**Requirement:** What you write must match, character for character, the lines from the one with "4e59e1314333f HellodayZ Women's" down to the one with "batman-in-the-rain-5w.jpg" in the listing below, minus its pictures.

**Listed records:**
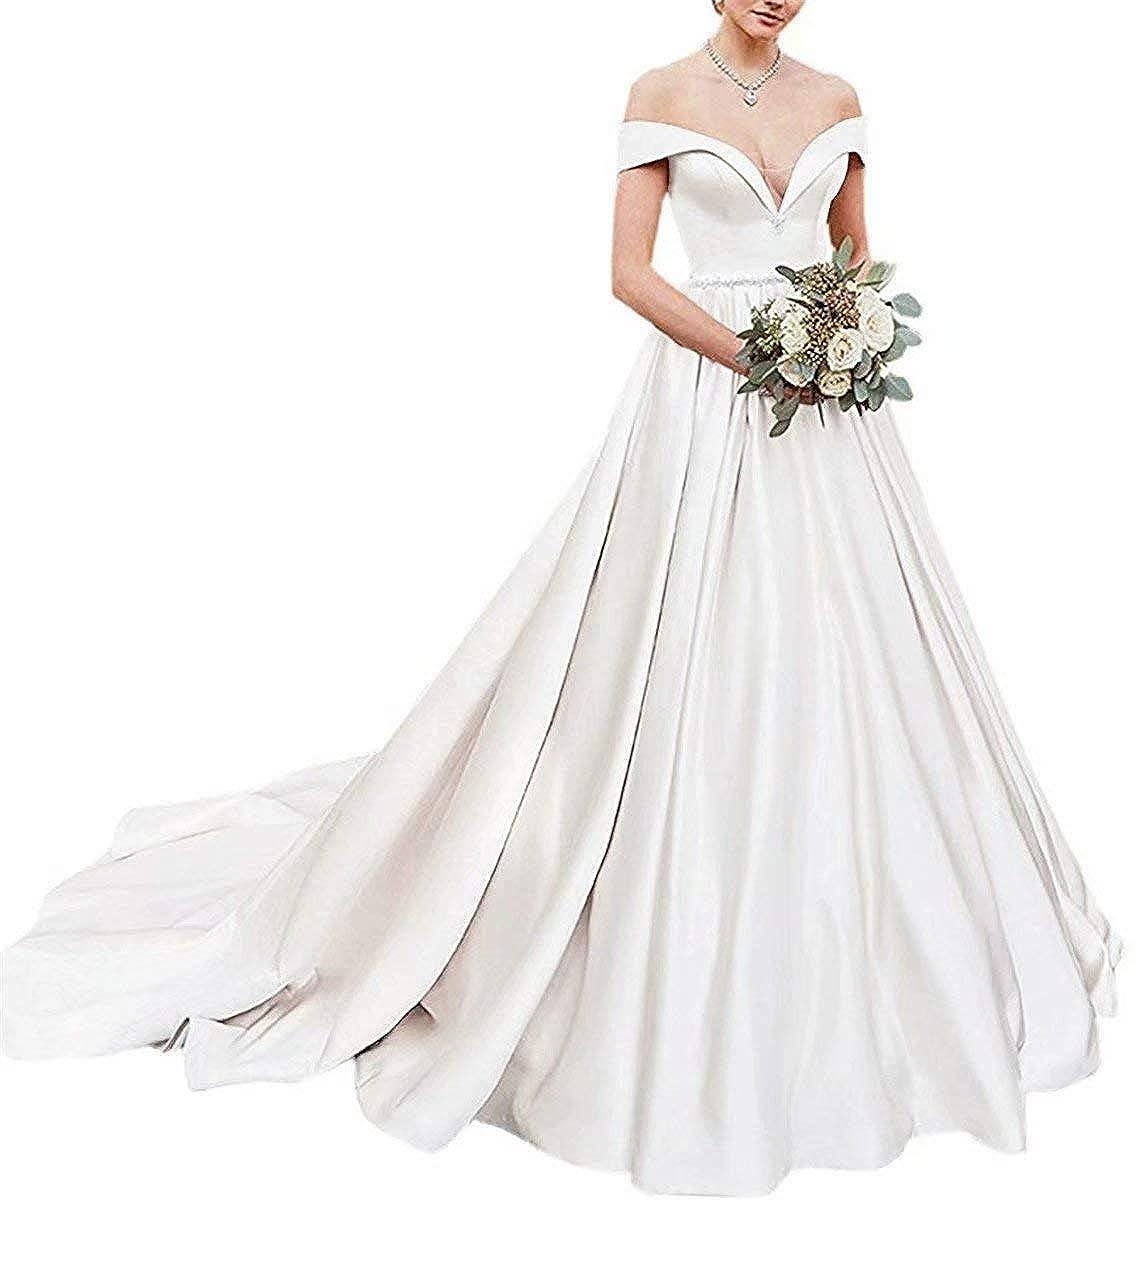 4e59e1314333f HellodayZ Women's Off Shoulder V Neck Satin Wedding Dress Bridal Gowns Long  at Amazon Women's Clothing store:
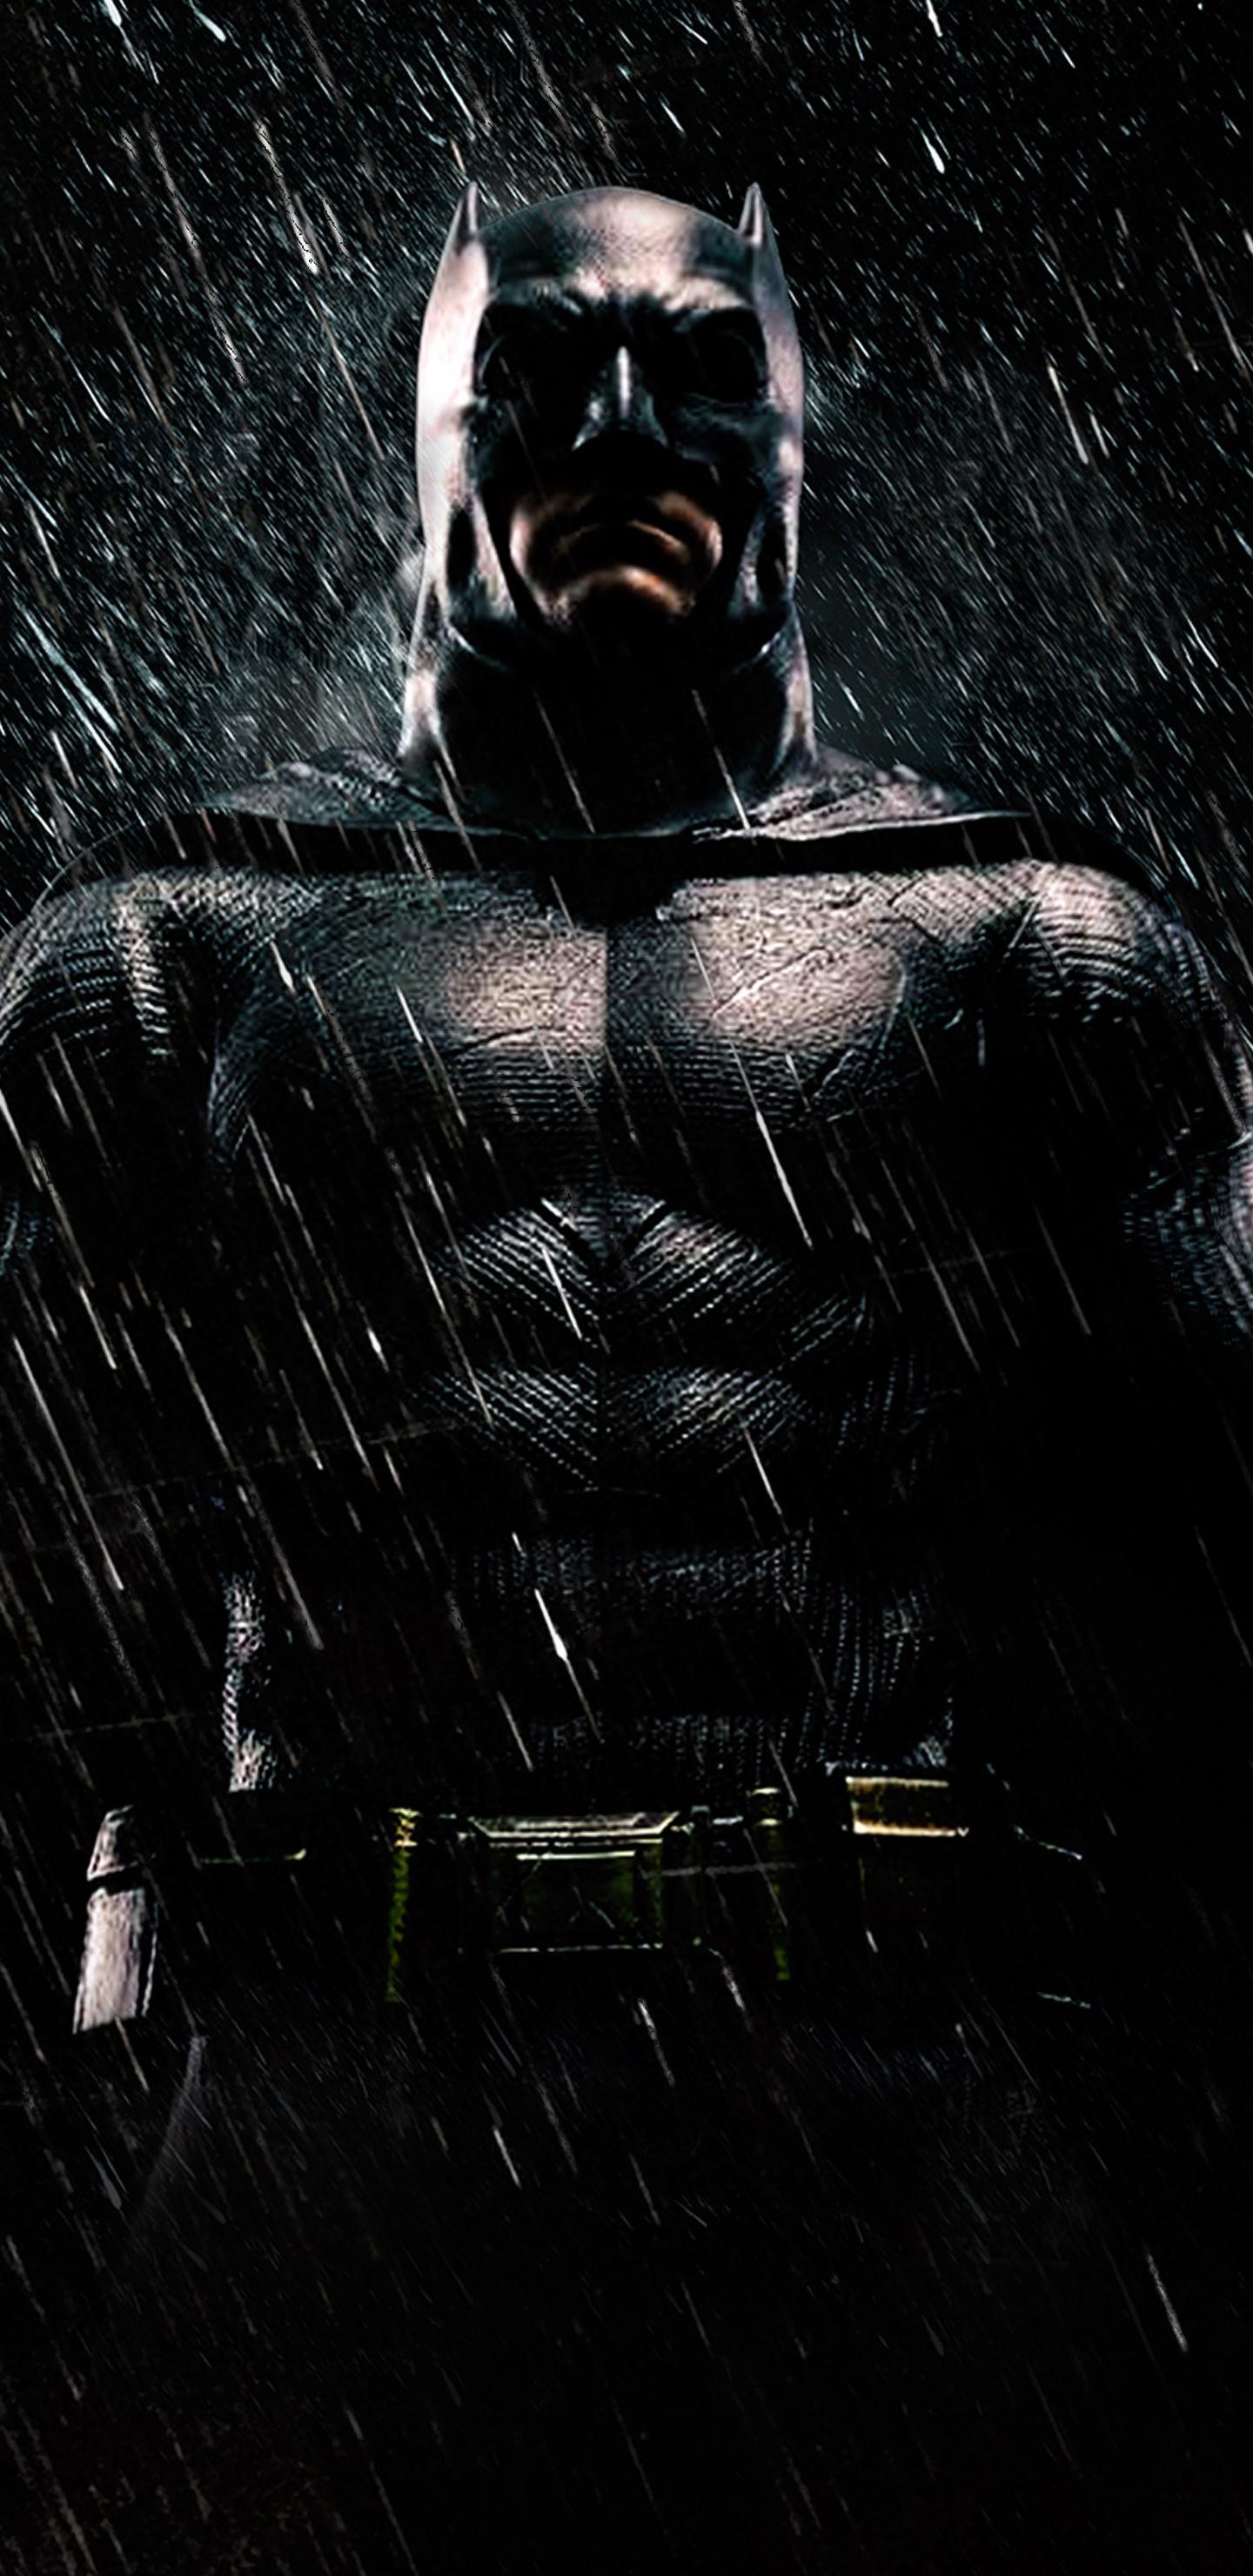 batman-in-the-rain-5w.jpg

==

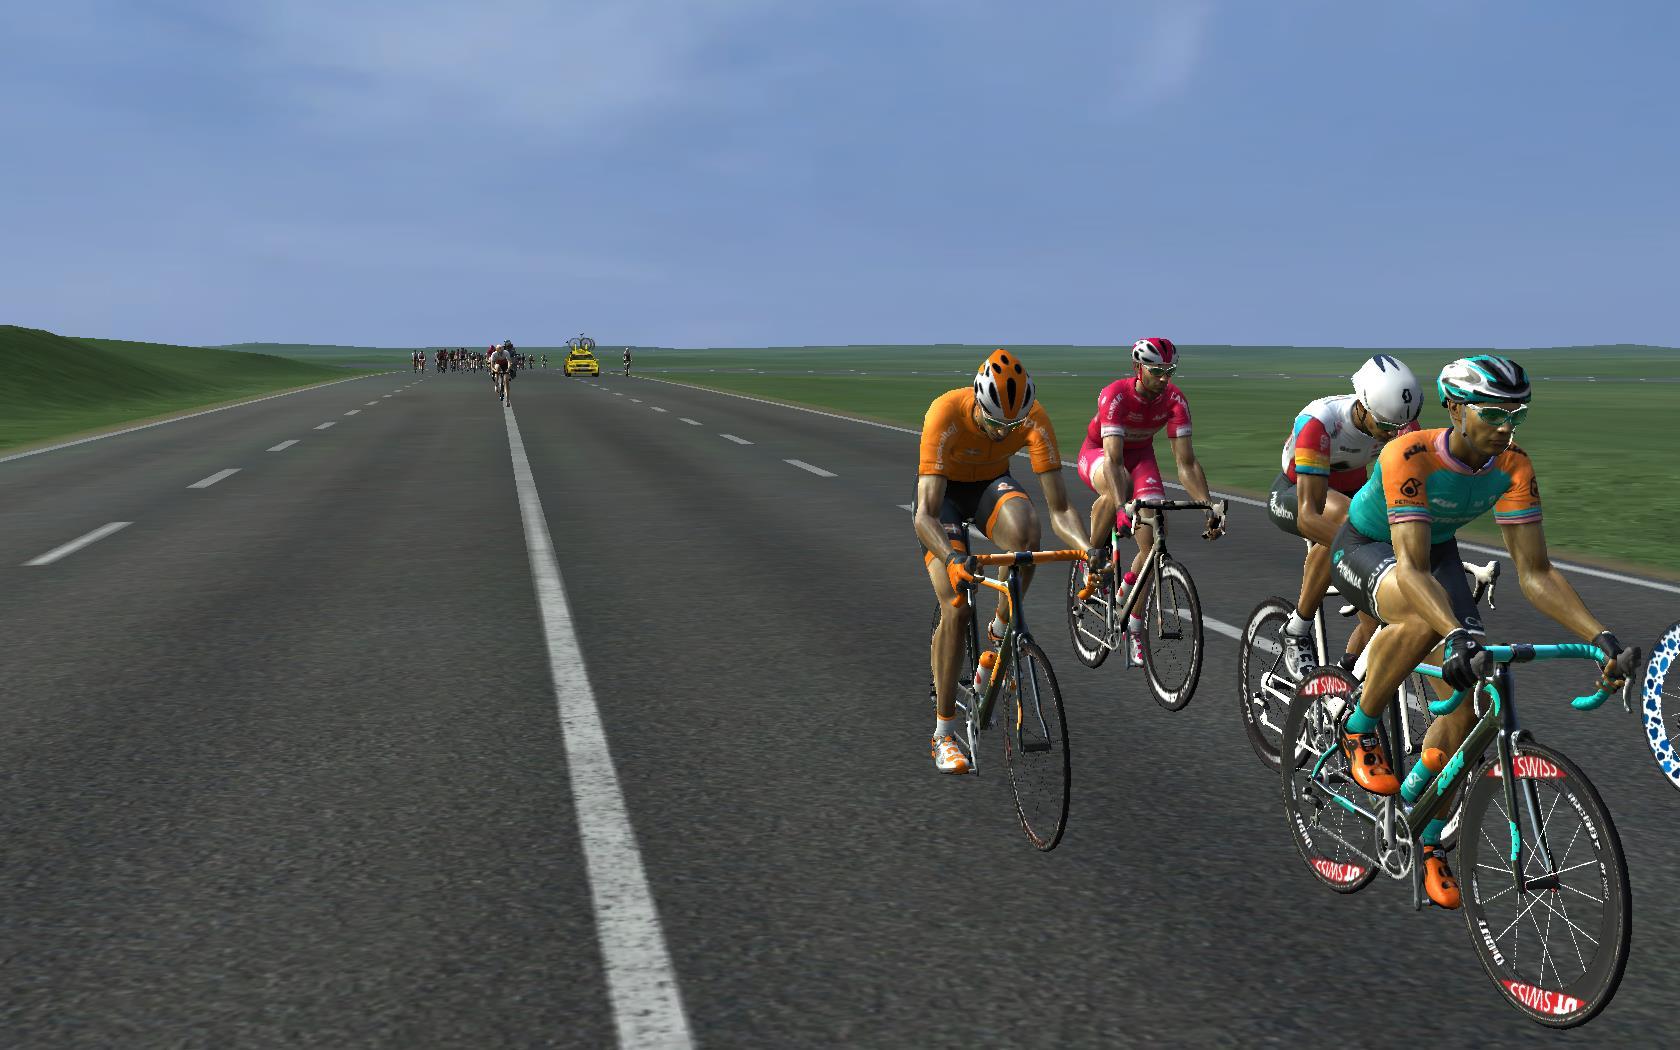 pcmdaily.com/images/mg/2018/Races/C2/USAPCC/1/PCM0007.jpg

==

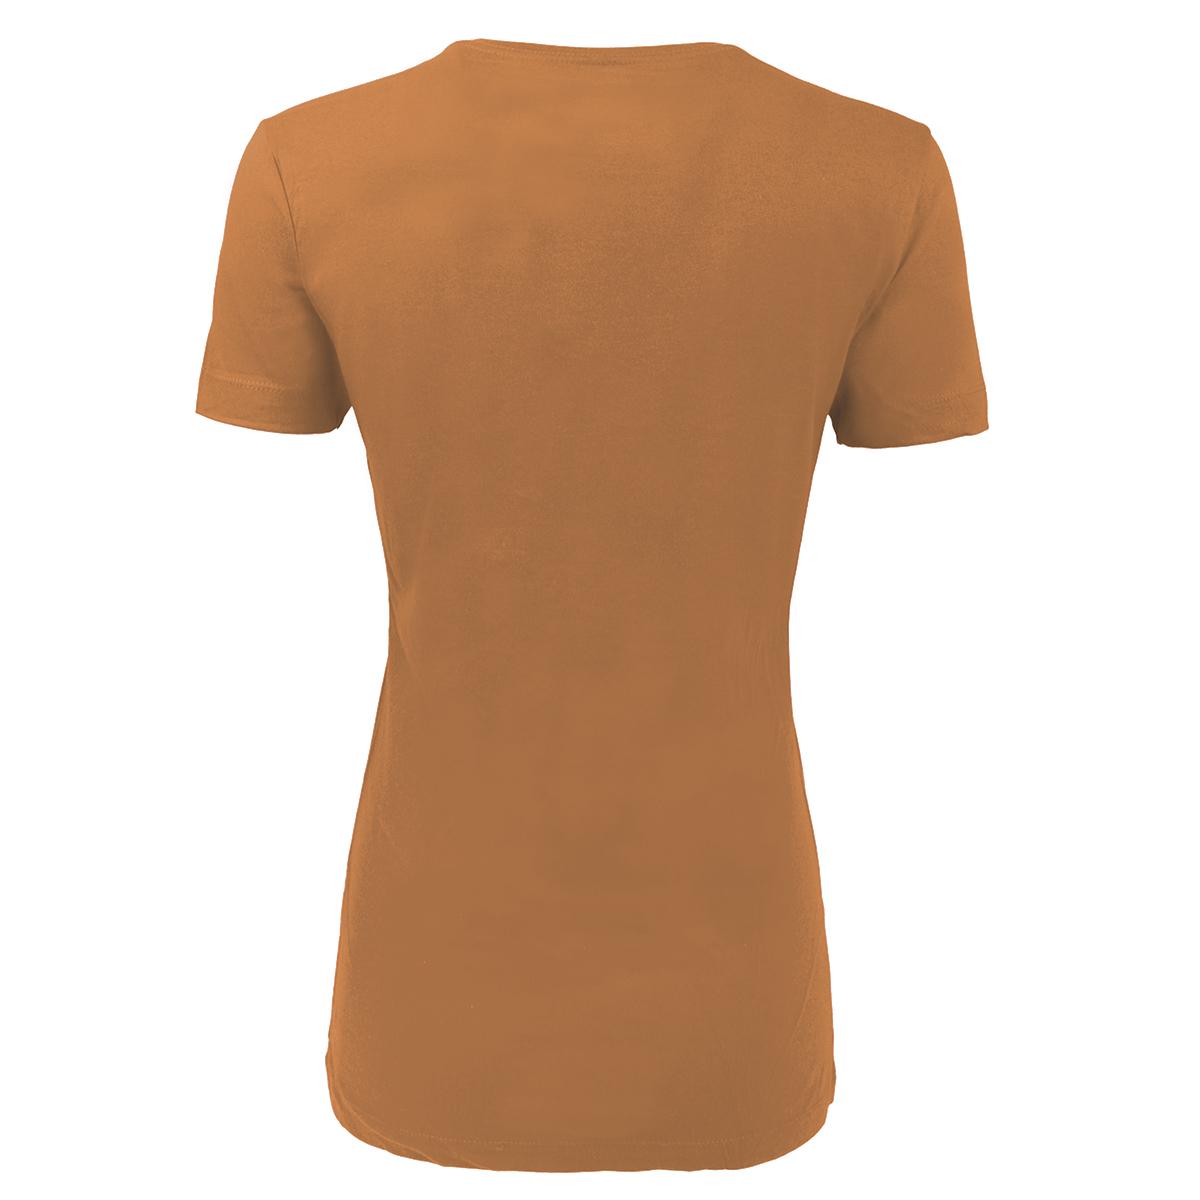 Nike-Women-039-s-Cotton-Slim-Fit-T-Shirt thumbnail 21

**Completed exercise:**
 4e59e1314333f HellodayZ Women's Off Shoulder V Neck Satin Wedding Dress Bridal Gowns Long  at Amazon Women's Clothing store:
 batman-in-the-rain-5w.jpg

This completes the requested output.